L'Arezzo sfonda il muro difensivo di un Rimini "grigio": decide Pattarello (1-0). Troise: "Mancata cattiveria"
Arezzo vincente 1-0 a spese del Rimini, nella prima giornata di ritorno
L’Arezzo inizia il 2024 con tre punti, il Rimini con la terza sconfitta consecutiva. Decide un gol di Pattarello al 71′, a coronamento di una buona prestazione personale. L’Arezzo ha meritato la vittoria: la squadra di casa è stata più brillante, nonostante 4 titolari fuori, tra cui i tre centrocampisti titolari. Indiani, nell’emergenza, ha schierato un Arezzo più offensivo, con il 4-2-3-1, mentre il Rimini si è presentato con il 4-3-3, con Delcarro preferito a Lombardi e Cernigoi, Iacoponi avanzato nel tridente offensivo.
La squadra biancorossa ha mostrato la consueta solidità difensiva, concedendo agli aretini solo tentativi da fuori area, sventati brillantemente da Colombi, il migliore dei suoi assieme alla coppia difensiva Pietrangeli-Gigli. Ma il filtro di centrocampo non è stato brillante e la produzione offensiva del Rimini è stata scarna: nel primo tempo un tiro debole di Morra all’11, nella ripresa, all’81’, un destro di Ubaldi che ha chiamato Trombini alla deviazione in corner. Poi c’è stato un destro di Morra, nel primo tempo, a lato.
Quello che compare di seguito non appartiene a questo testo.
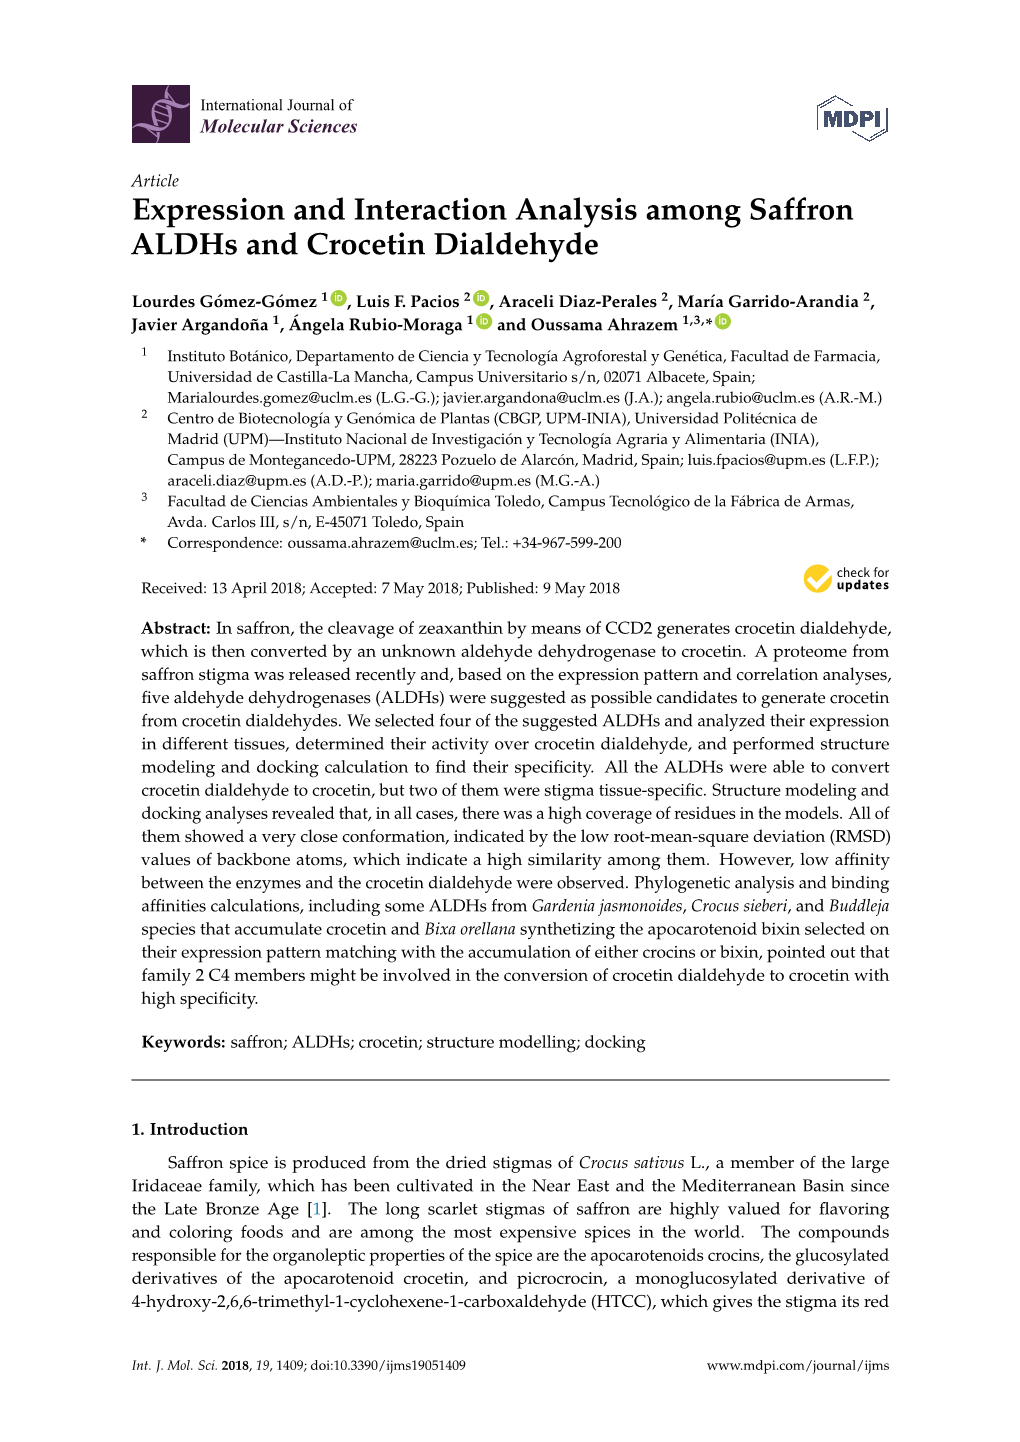 Expression and Interaction Analysis Among Saffron Aldhs and Crocetin Dialdehyde

A rompere gli equilibri, al 71′, è stata così la pennellata di Guccione, la sponda di Gucci e il colpo di testa vincente di Pattarello: l’Arezzo è riuscito a infrangere il muro difensivo avversario e nel finale ha gestito senza troppi affanni il forcing improduttivo del Rimini. A preoccupare di più – al di là delle poche occasioni create – è stato proprio questo aspetto: la squadra è apparsa senza la giusta determinazione: bisogna rimboccarsi le maniche e tornare a lottare con il coltello tra i denti. “Dobbiamo lavorare, dobbiamo capire che bisogna cambiare qualcosa. La squadra è fragile sotto il profilo della lucidità”, evidenzia l’allenatore del Rimini Emanuele Troise in conferenza stampa.
“Un risultato negativo che fa male per come è arrivato – prosegue il tecnico – al termine di una partita che in termini di contenuti è stata abbastanza equilibrata. Siamo riusciti ad arrivare nell’ultimo quarto, ma la differenza l’hanno fatta la cattiveria e quel pizzico di qualità. La sconfitta ci proietta in un girone di ritorno molto complicato“.
Troise assolve Stanga: “Palla che andava gestita in maniera diversa. Ma stava disputando una buona gara contro avversari che sanno mettere in difficoltà chiunque”.
Colombi si conferma una sicurezza. Tre parate nel primo tempo a disinnescare altrettanti pericolosi tentativi da fuori area. Gigli ha messo diverse pezze, con un paio di chiusure di testa salvifiche, Pietrangeli sempre brillante nell’anticipo. Iacoponi sta bene, la gamba c’è, manca purtroppo di precisione. Morra non ha la brillantezza di inizio stagione, ma lì davanti è sempre generoso e prezioso nel lavoro di cucitura e sponda. Ubaldi per poco non segnava un altro gol decisivo..ma Trombini ha fatto buona guardia.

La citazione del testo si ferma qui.